● PROBLEM STATEMENT
Please write out the full listing beneath this line exactly, skipping its images.

● SUPPLIED DATA
□ □ □ □

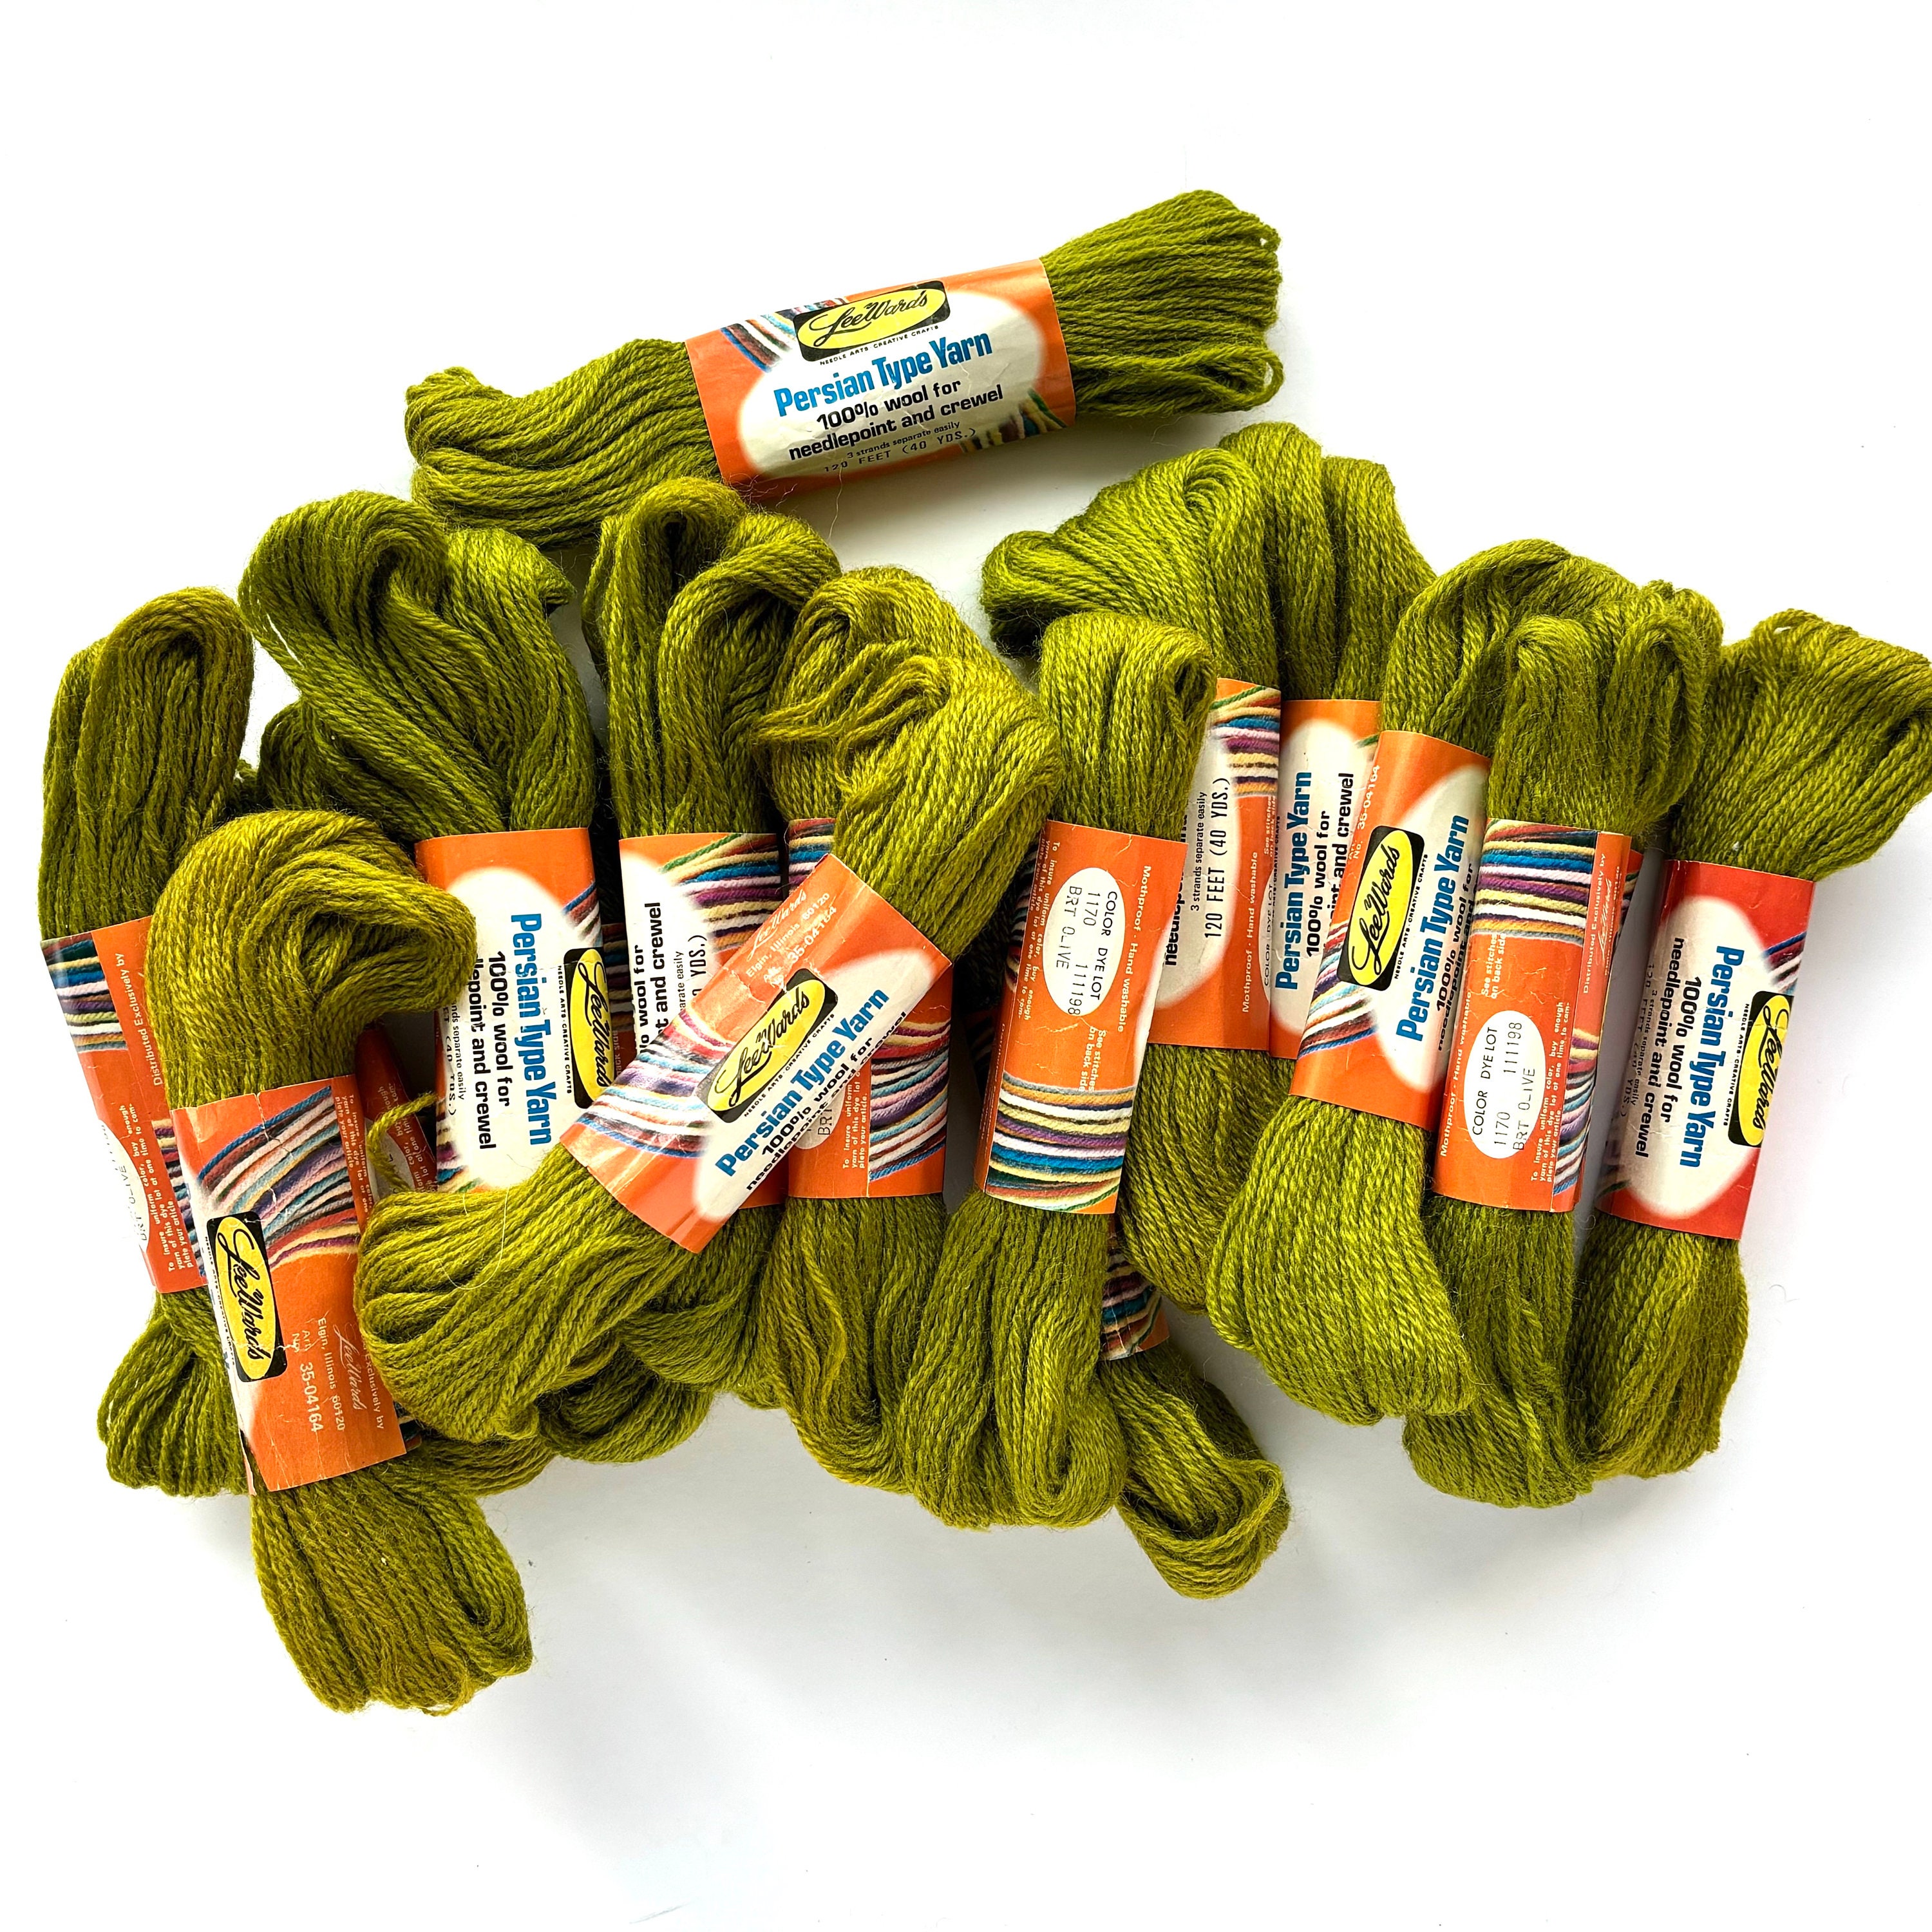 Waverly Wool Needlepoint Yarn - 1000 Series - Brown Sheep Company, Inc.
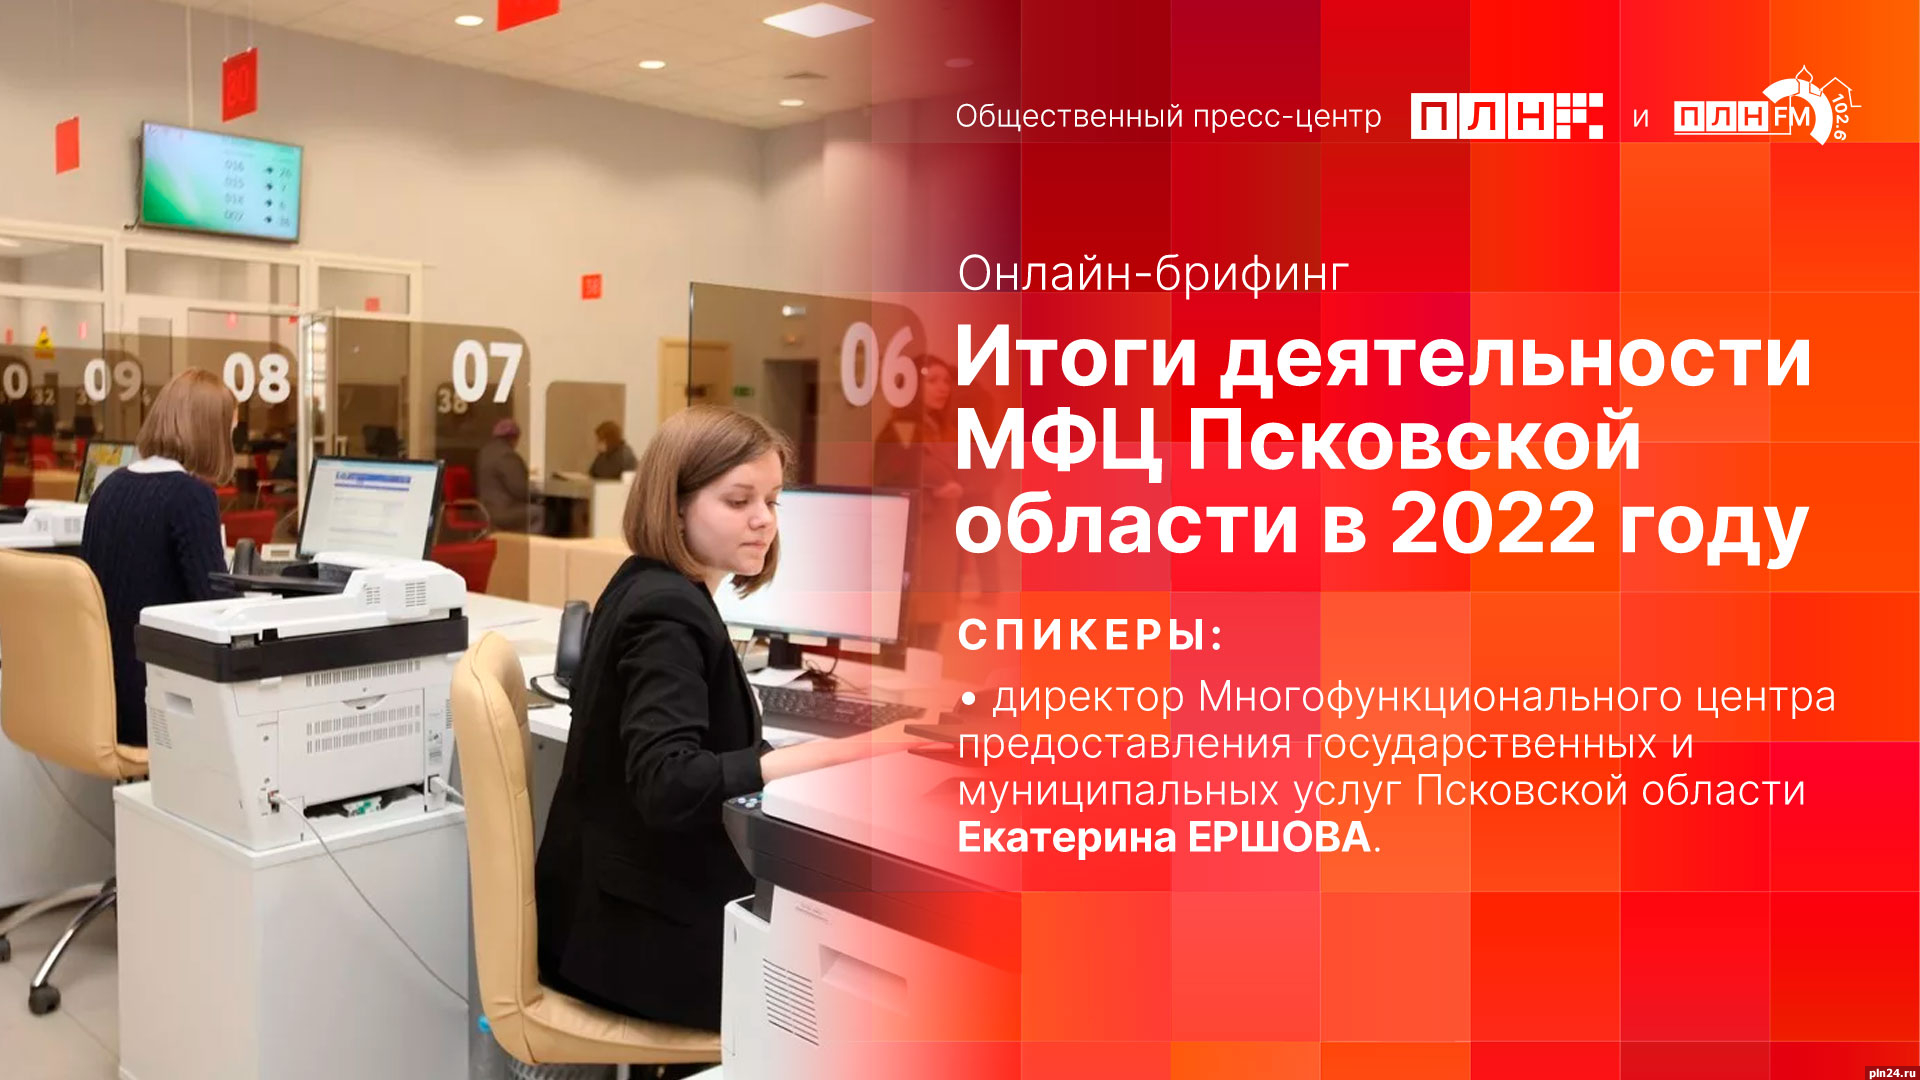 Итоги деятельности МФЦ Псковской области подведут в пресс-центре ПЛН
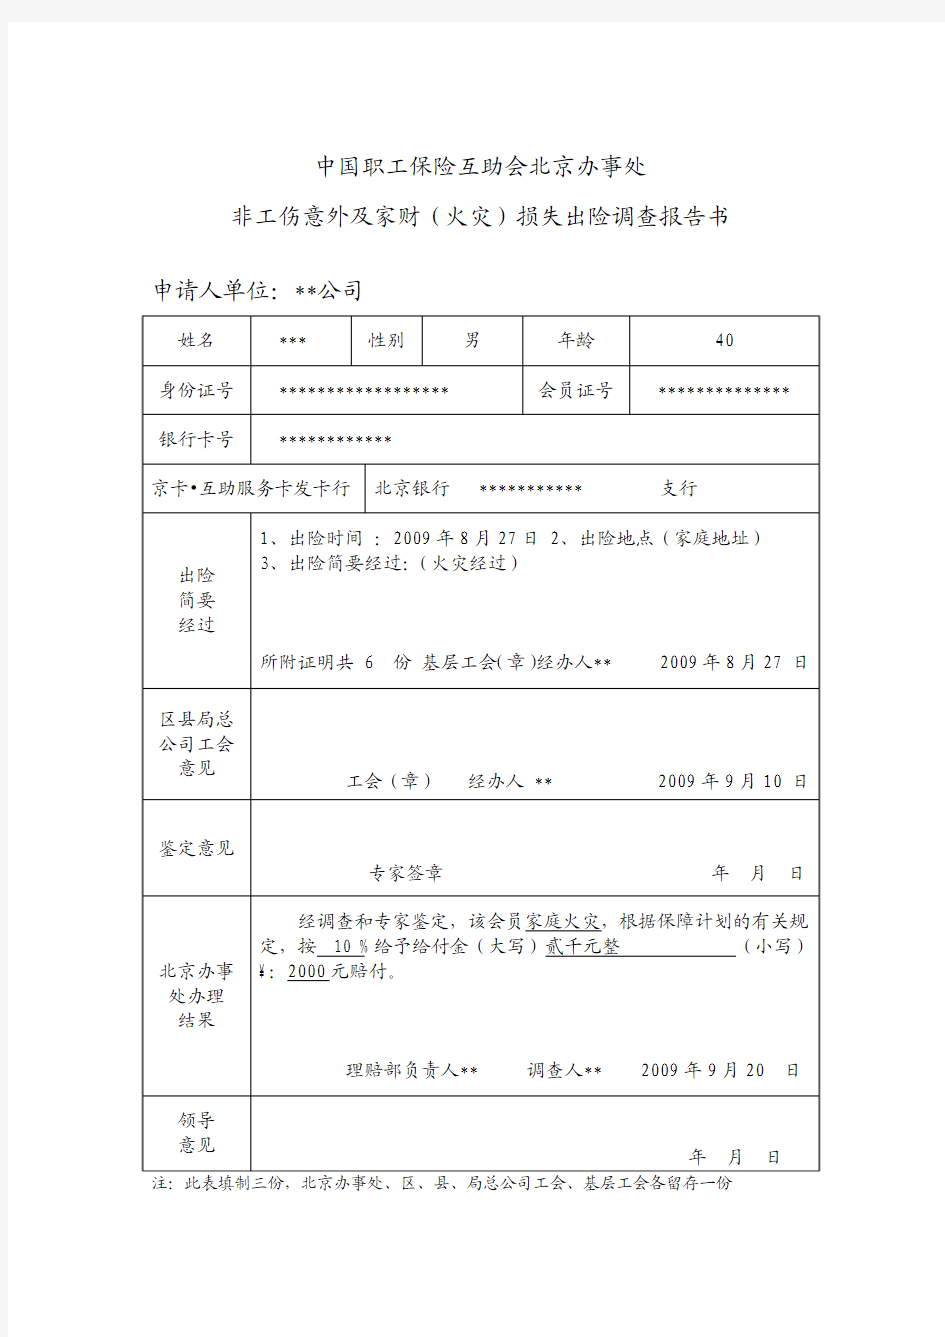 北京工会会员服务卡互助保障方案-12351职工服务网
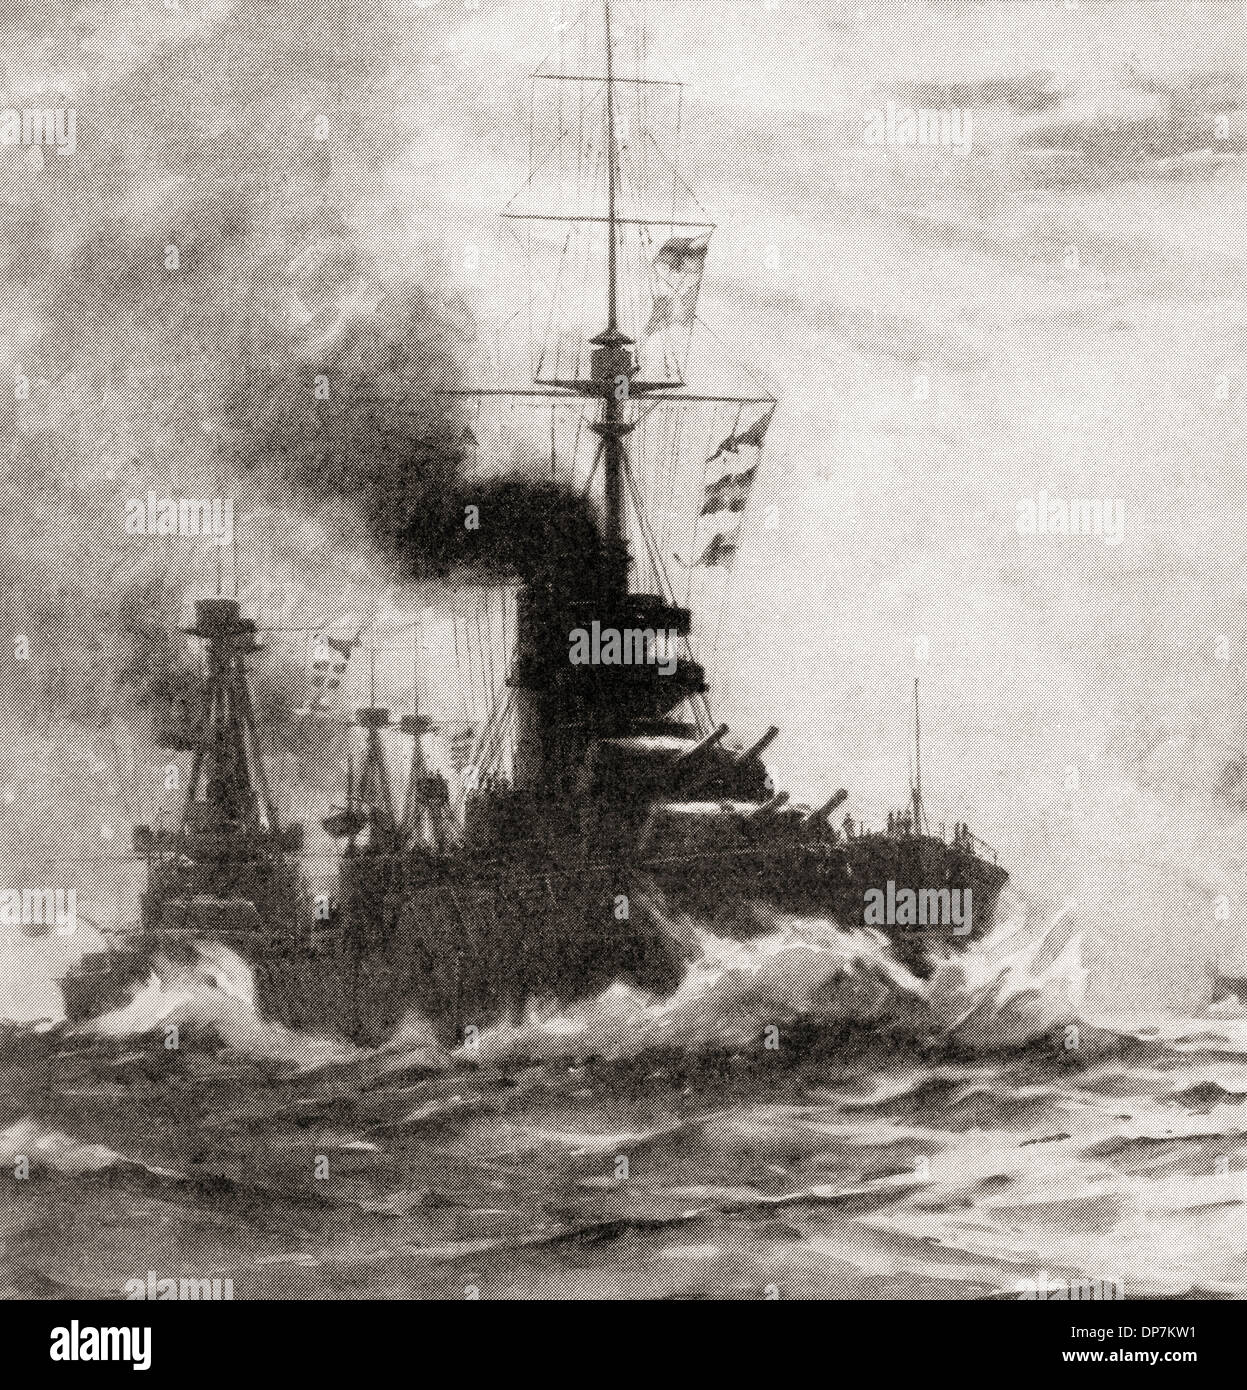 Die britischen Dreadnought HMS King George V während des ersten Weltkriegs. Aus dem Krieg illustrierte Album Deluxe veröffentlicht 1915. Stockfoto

□ □ □ □

● ANSWER BOX
 Waverly Wool Needlepoint Yarn - 1000 Series - Brown Sheep Company, Inc.
 Итоги деятельности МФЦ Псковской области подведут в пресс-центре ПЛН
 北京工会会员服务卡互助保障方案-12351职工服务网
 Die britischen Dreadnought HMS King George V während des ersten Weltkriegs. Aus dem Krieg illustrierte Album Deluxe veröffentlicht 1915. Stockfoto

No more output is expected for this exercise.